Although I love writing Swift, you’ll never hear me say stuff like “it’s the One True Language.” Programming is a massive landscape of ideas, and there’s lots to learn and enjoy outside of Swift.

One practice that makes me particularly sad is sneering at web development languages like HTML and JavaScript. You’ll see folks saying that HTML isn’t really a language, or brag about removing all traces of JavaScript from their site as if it’s somehow a pollutant.

The simple truth is that having a working knowledge of these web languages can benefit most developers, and today you’ll see that in action because we’re going to be using a little bit of HTML inside Swift.

Now, as you’ll see I’m not really in a position to teach HTML as part of this course, so we’re going to do the least required to make our formatting work. Trust me, this is a good thing – Mike Davidson, the ex-VP of design at Twitter once said that “writing old-school HTML code was never very much fun but now it's getting downright tedious for most people.”

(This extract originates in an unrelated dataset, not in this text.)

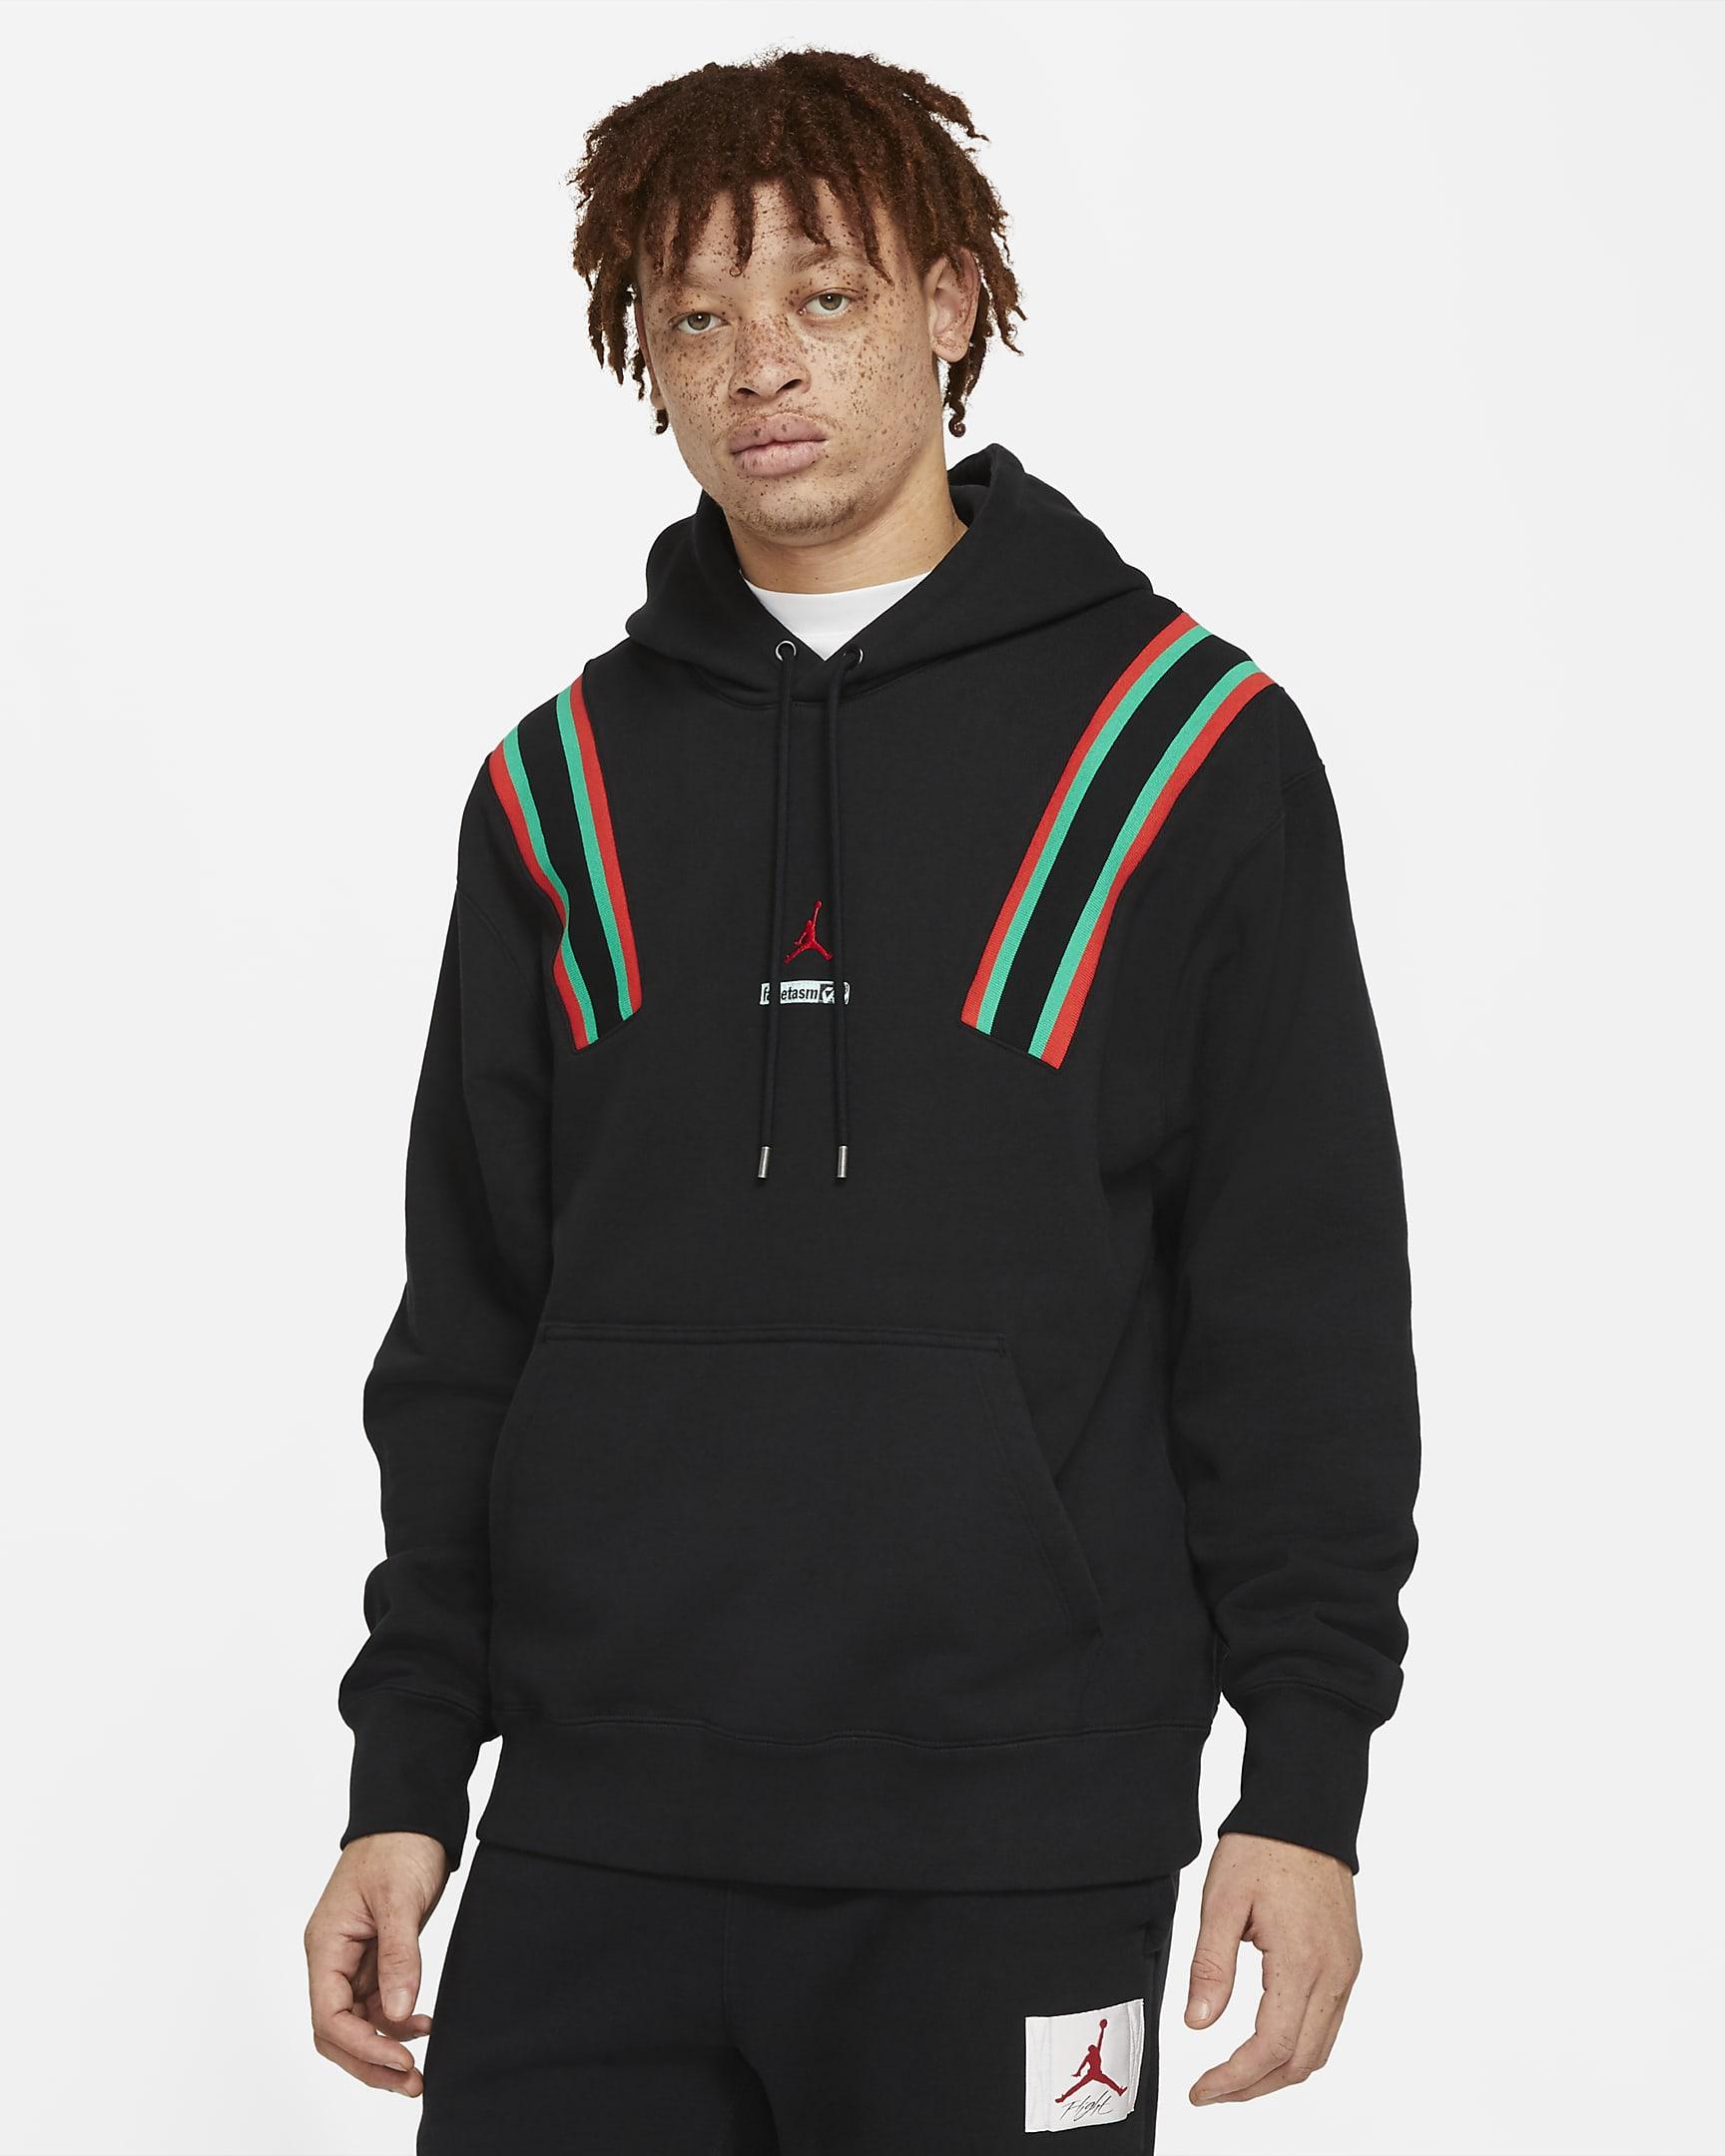 jordan-why-not-x-facetasm-mens-fleece-pullover-hoodie-tvX6tj
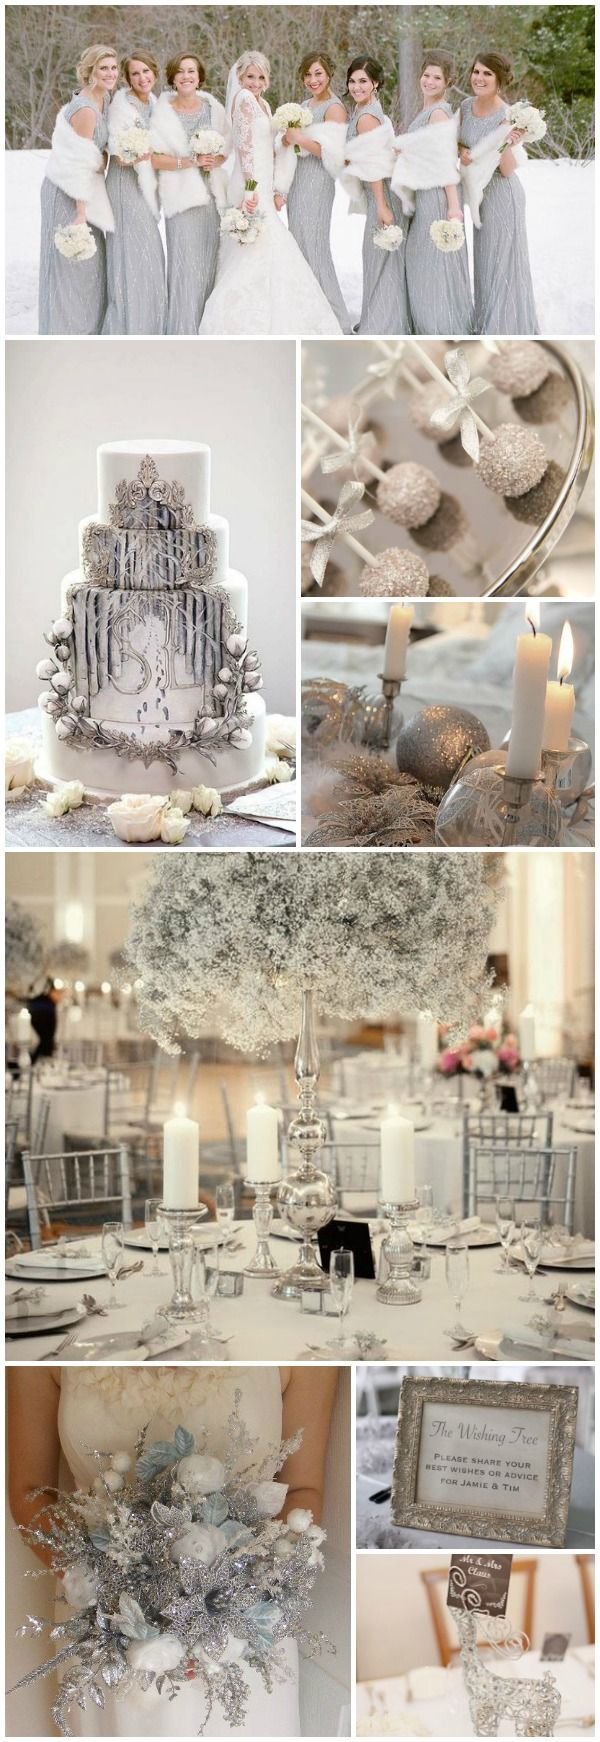 Top 6 Incredible Winter Wonderland Wedding Decorations Ideas

This goes double for putting HTML code directly inside Swift strings, which is why server-side Swift frameworks usually have separate systems for generating HTML. Here, though, we’ll keep it nice and short so we can focus on learning new iOS techniques!

Today you have two topics to work through, and you’ll learn about injecting HTML into a web view, UIStoryboard, adding tabs to a tab bar controller in code, and more.

If you’re keen to learn more about the way web views scale pages down to fit small screens, check out this article: Using the viewport meta tag to control layout on mobile browsers.

Need help? Tweet me @twostraws!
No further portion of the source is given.